The Relationship Between eHealth Literacy and Self-Efficacy Levels in Midwifery Students Receiving Distance Education During the COVID-19 Pandemic

Introduction

The issue of health literacy, although a relatively new concept in health promotion that came into general acceptance only in the late 20th century, is today an important concern in public health. The concept of health literacy encompasses a wide range of social and environmental interventions that are designed to benefit and protect health and quality of life by addressing and preventing the root causes of disease (World Health Organization, 2020). Health literacy is defined as having knowledge, motivation, and competence necessary to access, understand, evaluate, and apply information in daily life to make decisions about health services, disease prevention, and health promotion and to protect and enhance quality of life (Duong et al., 2018). The concept of eHealth literacy was elucidated in Norman and Skinner (2006) and defined as the ability to define, understand, and apply the information gained as a result of research on the Internet to provide solutions to health problems (Norman & Skinner, 2006). eHealth literacy plays an important role in increasing the capacity of students who are trained in the field of health to provide, interpret, and understand the basic health information and services necessary to make correct decisions related to patient health (Sharma et al., 2019).

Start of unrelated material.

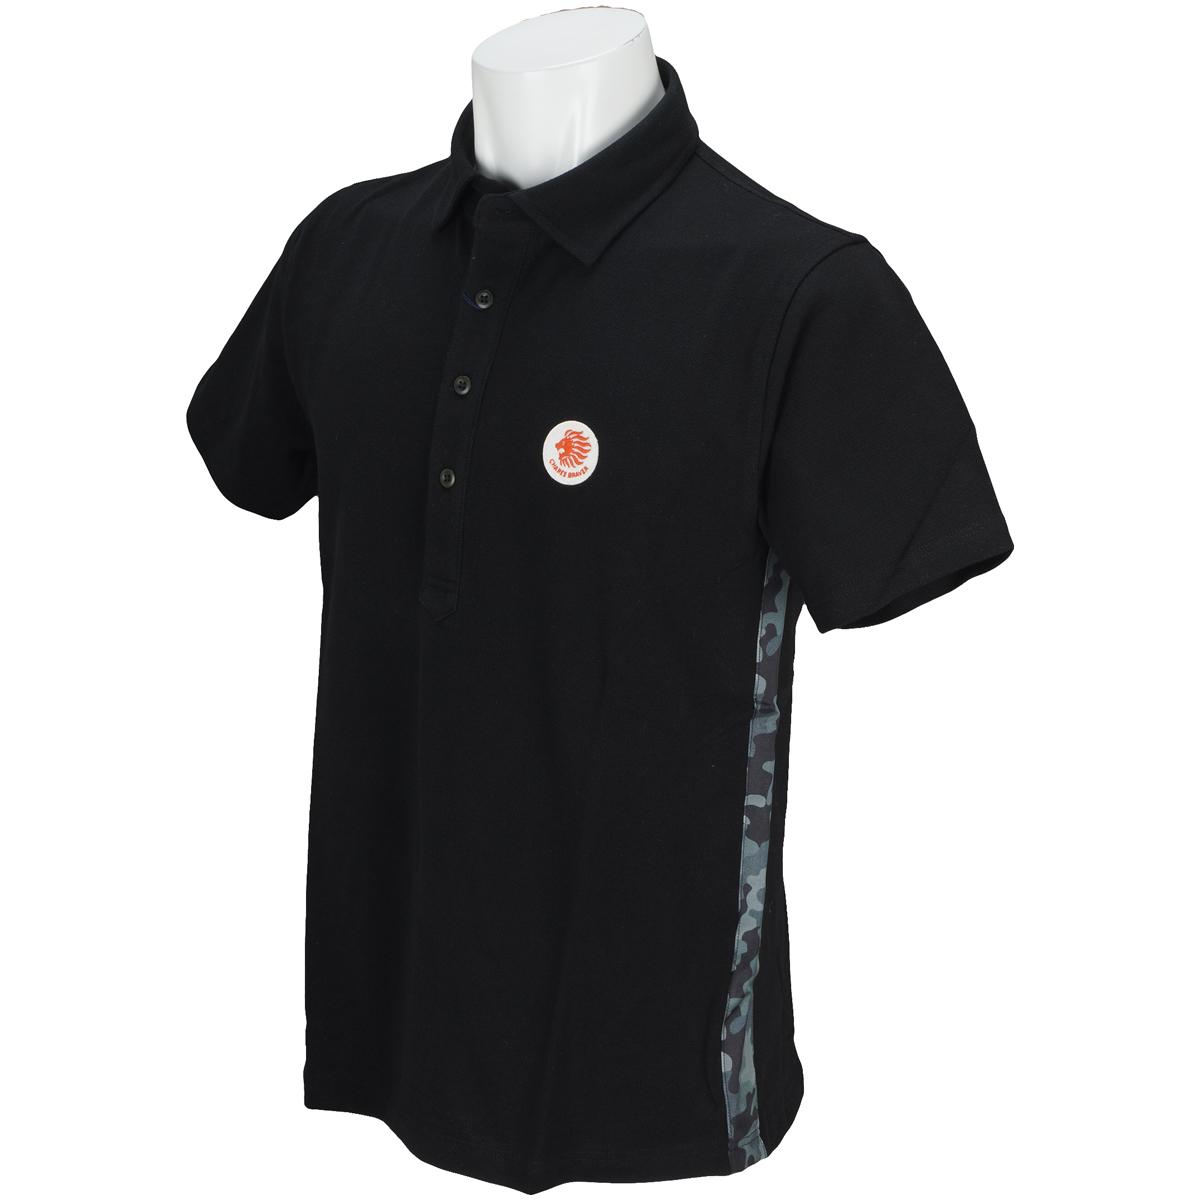 カモフラ使い半袖ポロシャツ

Access to and selection of correct health information is very important for healthcare professionals (S. Kim & Jeon, 2020). Choosing correct health information for healthcare professionals is a basic skill gained in the undergraduate education process that further develops after graduation in line with one's area of specialization. Learning success relies heavily on a student's motivation, attitude, and self-efficacy, and technological developments in recent years have affected student learning abilities (S. Kim & Jeon, 2020; Sharma et al., 2019).

Digital technologies have become an integral part of modern education and changed the methods by which students learn (Tang & Chaw, 2016). Distance education, which has become widespread worldwide with the advance of digital technologies, is a method of education that provides easy and convenient access to learning opportunities through online learning resources such as online libraries and digital media (Prior et al., 2016). The effectiveness of distance education also relates closely to the digital technology self-efficacy of students (S. Kim & Jeon, 2020; Prior et al., 2016). In addition, the widespread use of online resources to access information about diseases and treatment by individuals in the community (Parnell et al., 2019), factors affecting health literacy level in terms of literature selection (H. Kim & Xie, 2017; Manganello et al., 2017), and undergraduate students' competence in health literacy (Sharma et al., 2019) should all be considered when designing online education content.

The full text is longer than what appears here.